I'd be interested to see your setup Johnnie. Thanks for the kind words.


----------



## zbohm

Nice work Ken. I bought a used craftsman radial arm drill press that came with a grizzly oversized table. Which works but I think yours will be far better. The only suggestion I'd have is maybe some t-track hold downs put in before you finish it up. Mines got one on either side of the chuck perpendicular to the fence and one on the fence. Great for holding down my pen drilling jig and stops are easily moved. Just my 2 cents. Looks great though.


----------



## johnnie52

Here ya go Ken. This is how I did mine. Its not real pretty (none of my jigs ever are), but it gets the job done. BTW, I haven't cleaned up the shop since October when I hurt my thumb, so try not to focus too much on the mess.

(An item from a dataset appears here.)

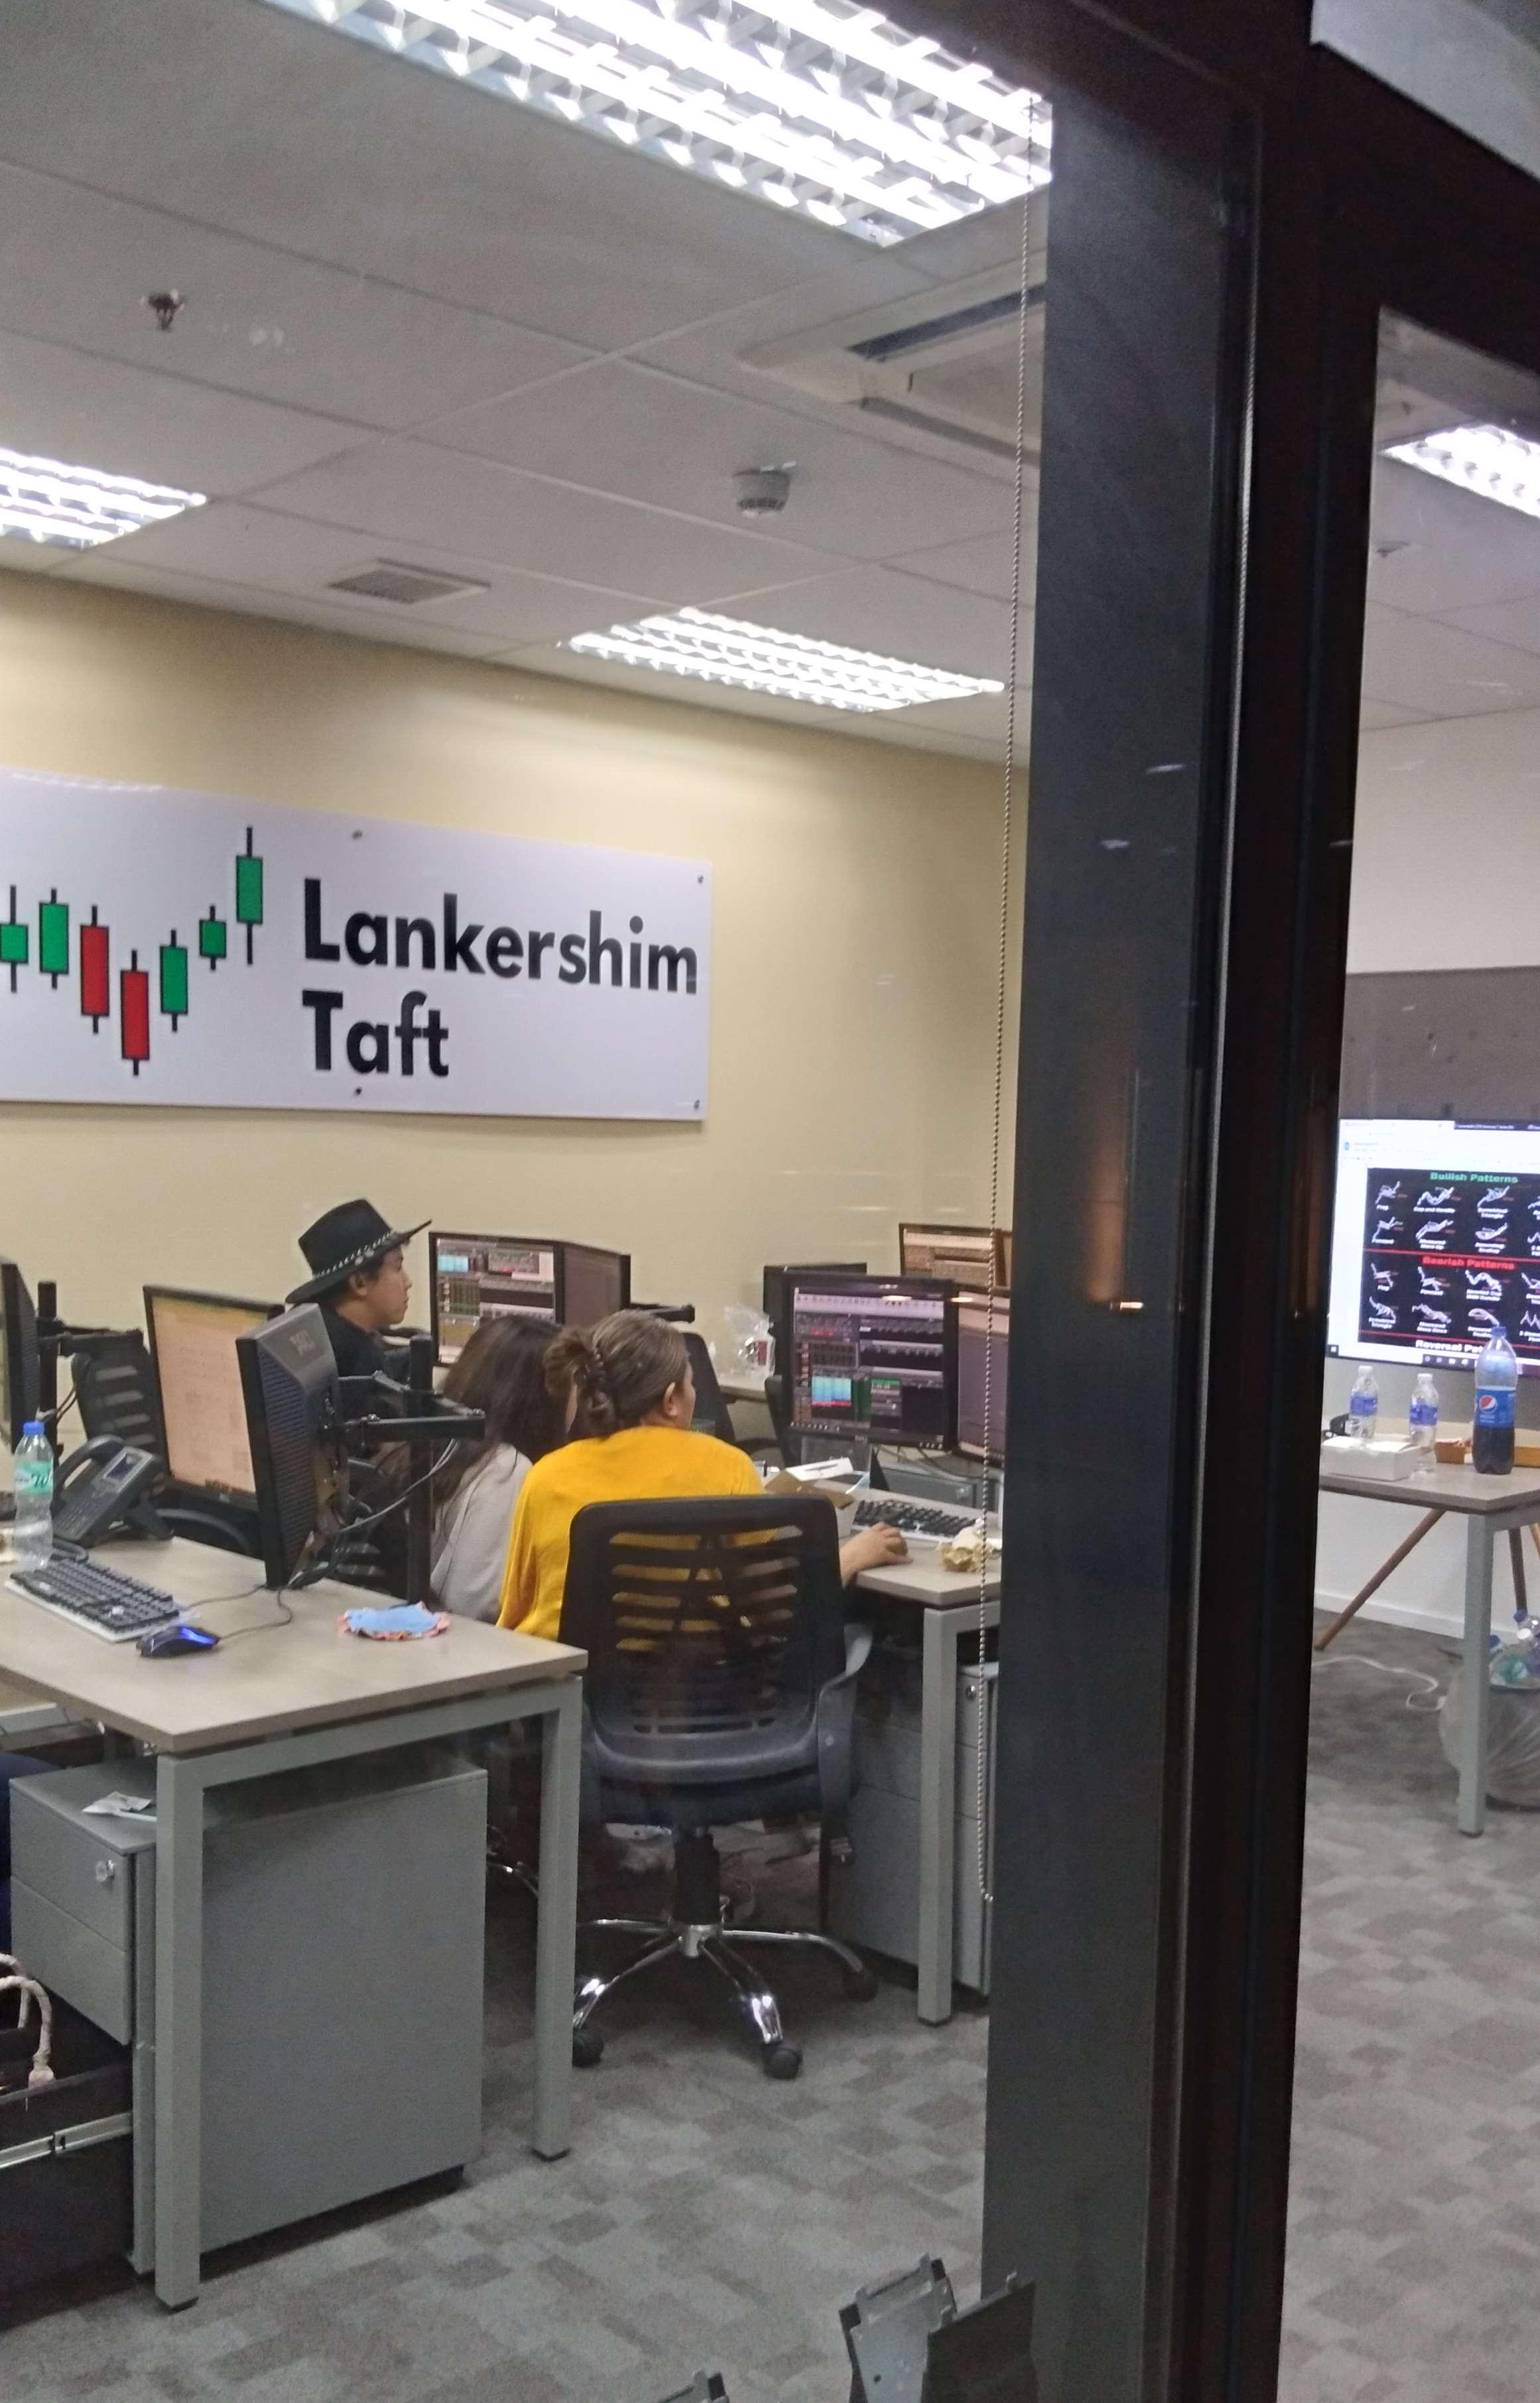 Lankershim Taft Exploring Different Venture Capital Opportunities

This is the main work surface. You can see the cut out I was speaking about before and how it is off to the side rather than inline with the post. You can also see how I handle the need for a sacrificial section. I just use a piece of scrap under the piece being drilled. If I'm drilling a large piece, I use multiple pieces to provide the needed support.









You might also like the addition of a "T" track and stop block and my solution to the "not enough light" problem. I plan to run another "T" track so that I can mount stops all along the fence.

The addition of a piece of angle iron to the bottom prevents warping of the work surface which is only 2 pieces of 1/4" plywood glued to make a 1/2" thick table. When you're working with scraps you make what you can with what you have.










This is how I extended the crank to get it past the work surface so its very easy to operate. I got some steel tubing that was the same ID as the OD of the crank shaft, drilled it for a set screw and drilled a through hole to accept a bolt which holds a piece of steel rod that is the same diameter as the crank shaft. I then mounted the tubing to the machine, the rod to the tube and also through a wooden bearing out near the end of the work table to which I mounted the original handle. I can raise and lower the table without any hassles which for me is really saying something. This shot also shows the location of the handle slot in the fence.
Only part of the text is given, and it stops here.